Миры Тарковского

О самом загадочном русском режиссере

Мария Дегтерева
Публицист
«Газета.Ru»

Однажды на мою страницу в запрещенной социальной сети пришел кинокритик Антон Долин (признан в РФ иностранным агентом) и заявил буквально следующее: «Это я открыл российскому зрителю фильмы Тарковского».

Все смешалось в доме Облонских – люди, кони, буквы, мысли, кинокритик Долин, блики в мутной воде. Так, впрочем, в фильмах Тарковского оно и смешивается.

В моей семье знали и любили Тарковского всегда – с раннего моего детства. Я хорошо помню первые впечатления от фильма «Солярис», от финальных его кадров – замерла, глядя на удаляющийся дом с льющим дождем, на фигурки людей, на остров, на океан.
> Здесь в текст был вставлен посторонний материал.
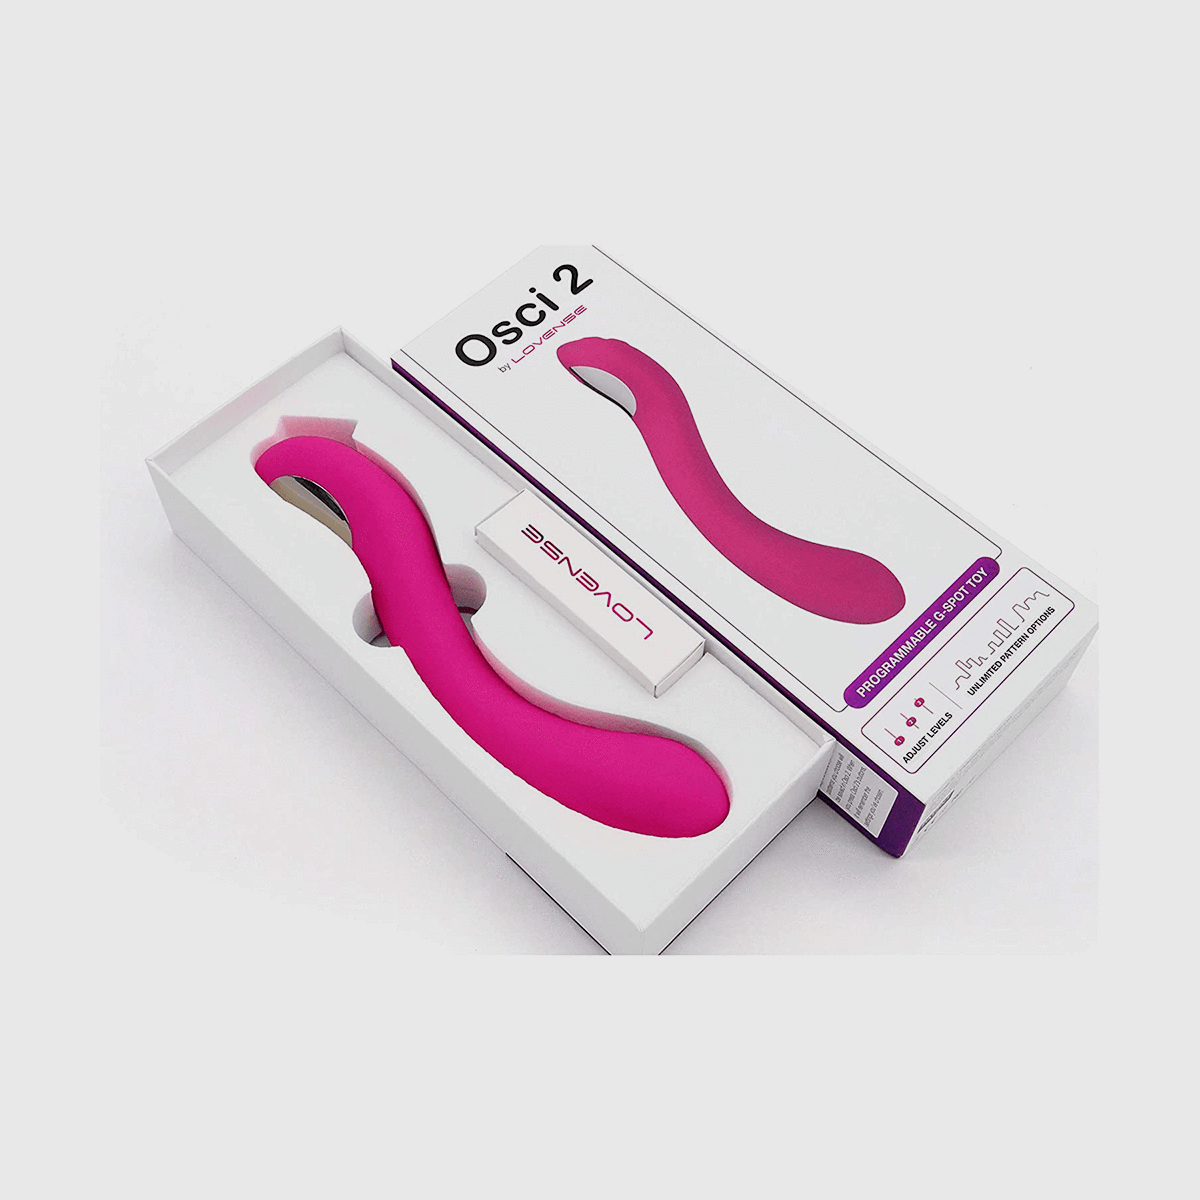 Lovense Osci 2 Bluetooth G-Spot Vibrator - Pink - Thorn & Feather Sex Toy Canada

Я была совсем маленькая, лет 9-10, смотрела глубокой ночью, когда все спали. Для меня это было великое потрясение. Позже уже посмотрю «Андрея Рублева», «Сталкер» по сценарию великих Стругацких, «Иваново детство» и все остальное, да не по разу.

О Тарковском говорят много и преимущественно ерунду. Это и сподвигло написать меня эту колонку. Недавно прочла где-то в комментариях: «Я люблю мистику, отклонения от реальности», – сообщила какая-то женщина в обсуждении картины «Зеркало».

Захотелось объясниться.

В «Зеркале», как и в остальных фильмах Андрея Арсеньевича, нет никакой вообще мистики. Есть метафизические переходы – особенности киноязыка. Есть новаторские режиссерские приемы, построенные на архетипах. Сцены с водой – прием, который Тарковский будет развивать на протяжении всей фильмографии – это погружение в сон скорее. Попытка размыть границы между реальным и воображаемым.

Если в литературе магреализма (мистического реализма), у Маркеса, Борхеса или Кортасара метафора уводит в нереальное, в волшебство, в деформацию материального мира, то у Тарковского – в сон. В мир грез и представлений.

Миры Тарковского построены внутри головы, внутри сознания, вне зависимости от декораций. Именно это делает любое подражательство Тарковскому абсолютно бессмысленным. Снимать «как Тарковский» попросту невозможно. Один из нынешних модных фестивальных режиссеров очень любит заимствовать у Андрея Арсеньевича приемы, пытается дублировать планы. Выглядит это комично.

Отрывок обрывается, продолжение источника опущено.